بڵاوکراوەتەوە: 25.11.2018
We are terribly stressed. After a long and exhausting day full of new impressions, we can just swim a little in the homestay pool, shower, eat - and then fall asleep exhausted. No blogging, no reading - nothing at all. Angkor is demanding and impressive.
What can you write about a place that has been a World Heritage Site for 25 years, visited by a multitude of people every year, and has already been written about so much? Let's start with everyday life: the (sometimes huge - they had up to 100,000 inhabitants) temple and monastery complexes are located about 8 km from the nearest city, Siem Reap. Not long ago, there was no city there, just a small village. But then Angkor became one of the world's main tourist destinations - and Siem Reap became something beyond belief. When we took a shared taxi from the Thai border to the city, we had the impression of landing in a mini Las Vegas (without actually knowing Vegas): a wide boulevard, unbelievably many modern, large, noble-looking, but tasteless hotel buildings on both sides. You would never think that Cambodia is actually a very poor country.

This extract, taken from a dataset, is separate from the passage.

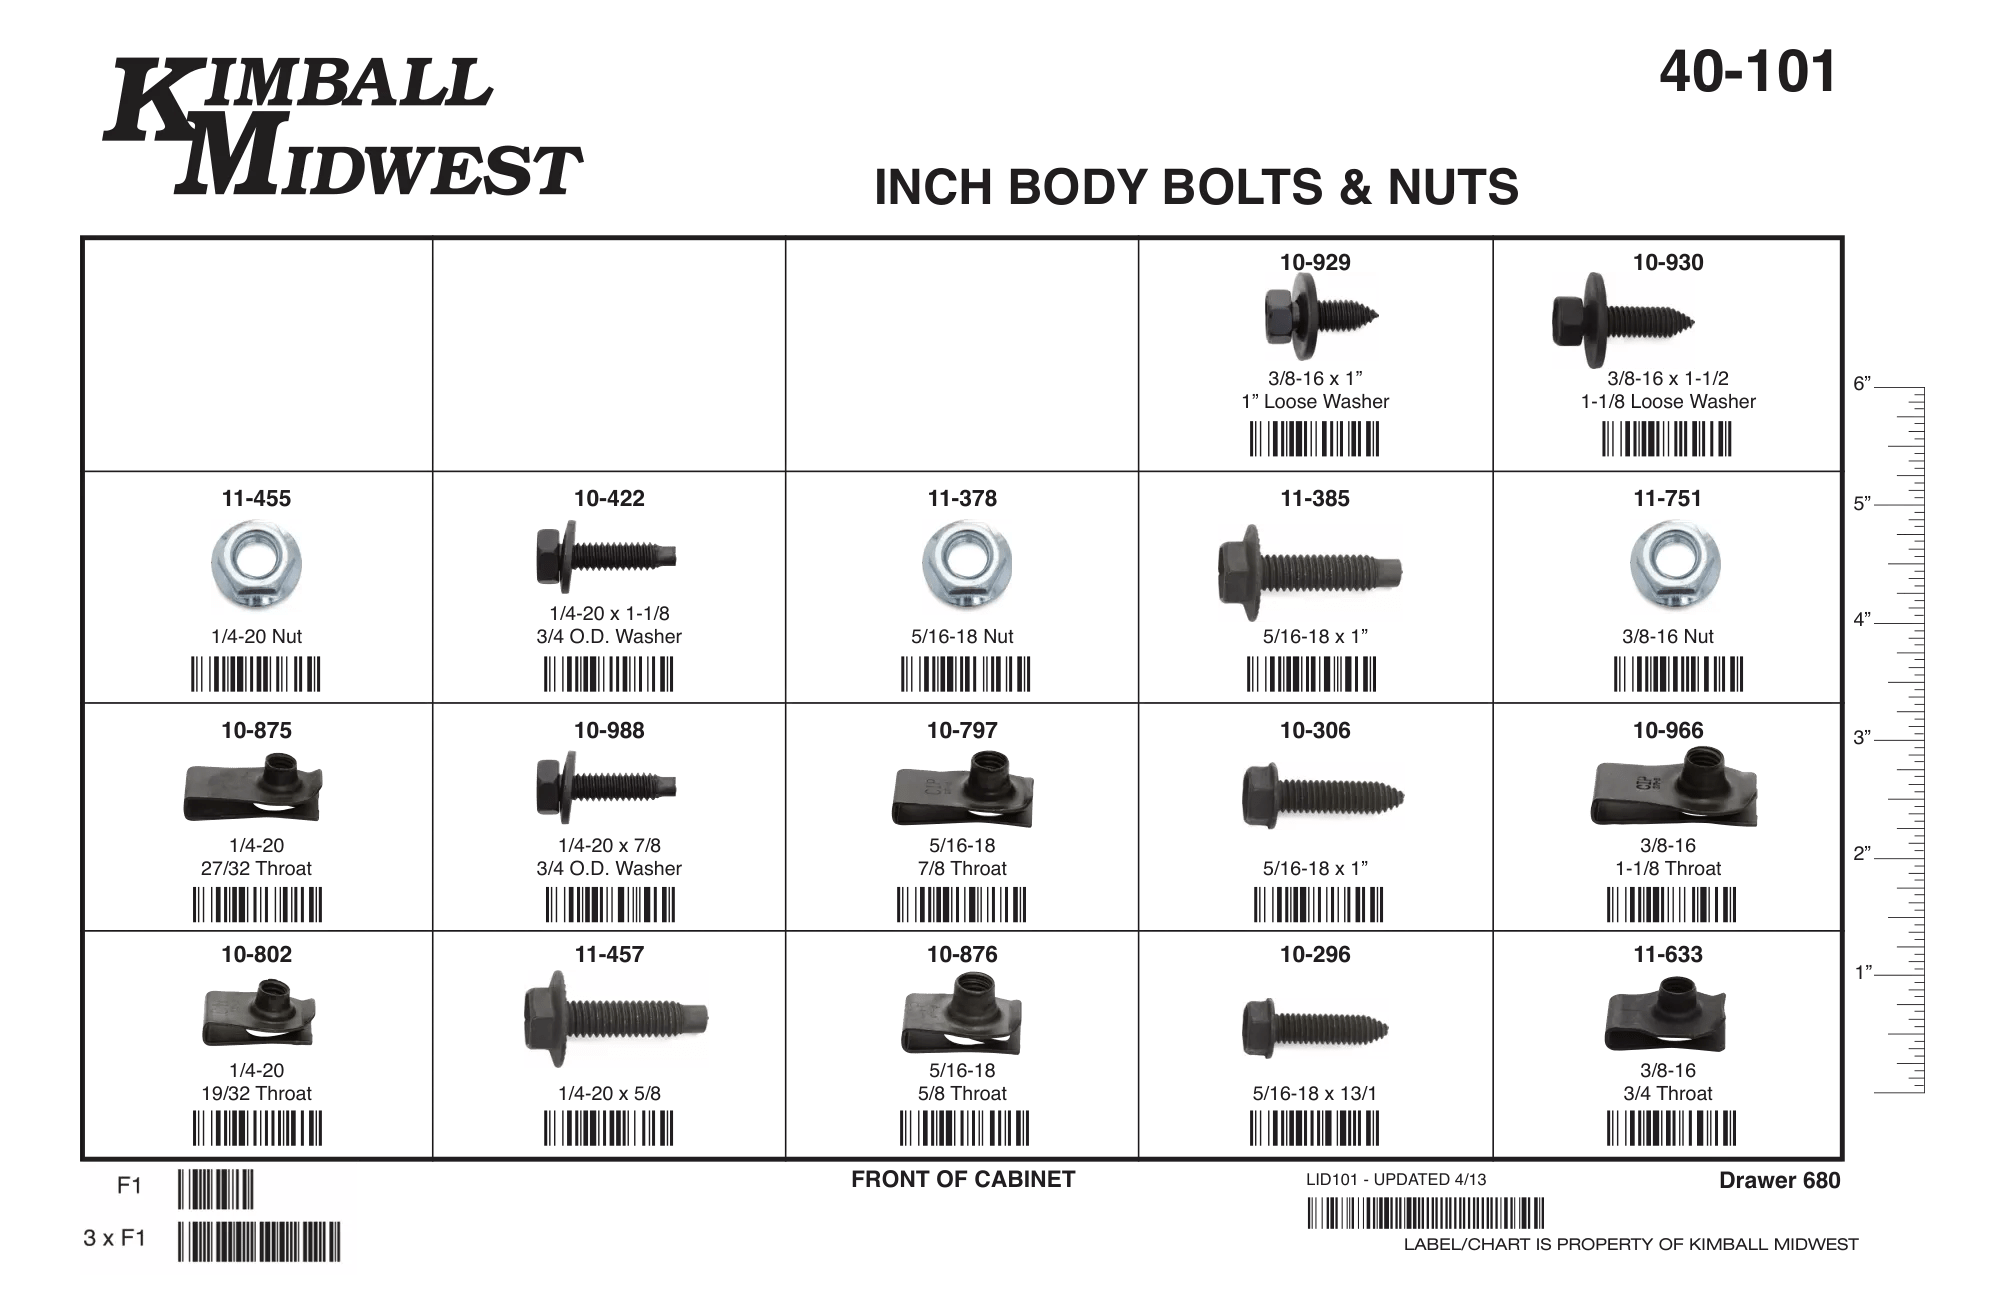 Body Bolts & Nuts - Inch

The day after our arrival, we had a holiday and visited the Buddhist Festival of Lights. Siem Reap is one of the places famous for how this festival is celebrated here - it attracts visitors from all over Cambodia. There is a fair atmosphere on the banks of the river that runs through the city. Food stalls with all kinds of goodies at low prices are set up everywhere. In the afternoon, there are boat races on the river and in the evening there is a fireworks display. Afterwards, flower arrangements decorated with candles and incense sticks are set afloat in the river. The celebrations go on until late at night - and almost only by locals. Hardly any tourists visit this nice festival.

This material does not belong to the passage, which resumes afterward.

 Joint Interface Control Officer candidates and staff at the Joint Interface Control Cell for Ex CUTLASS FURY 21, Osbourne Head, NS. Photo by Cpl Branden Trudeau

A few steps further, a complete change of scenery: fancy eateries selling burgers, spaghetti, tortillas, and Illy coffee at prices that are almost as high as in Europe. Here they all are, the tourists from the rich countries. Not a single local person can be found among the guests. Siem Reap was a clearly divided city that day. Later, we also got to know the cheap tourist street, with the fast food restaurants. Burgers and spaghetti are also available here.
The high prices (usually in dollars) in the city in the midst of impoverished Cambodia; the upscale restaurants with six-course menus and wine pairings that seem outright frivolous when you see the living conditions of the people in the countryside; the sometimes wild traffic - so no, we don't like Siem Reap, we feel uncomfortable here, we haven't even found a restaurant where we could eat decently and somewhat authentically. However, we (unconsciously) were incredibly wise when we chose The Natural Homestay as our accommodation. Located on the outskirts of the city, only accessible via an adventurous dirt road, we have everything our hearts desire here: a beautiful room, a pool (so large that I can actually swim), good Cambodian breakfast, free bicycles, and a super nice and competent staff. That's how Angkor brings joy. And yes, I'm afraid you have to come here simply because of the temples, no matter what Siem Reap is like.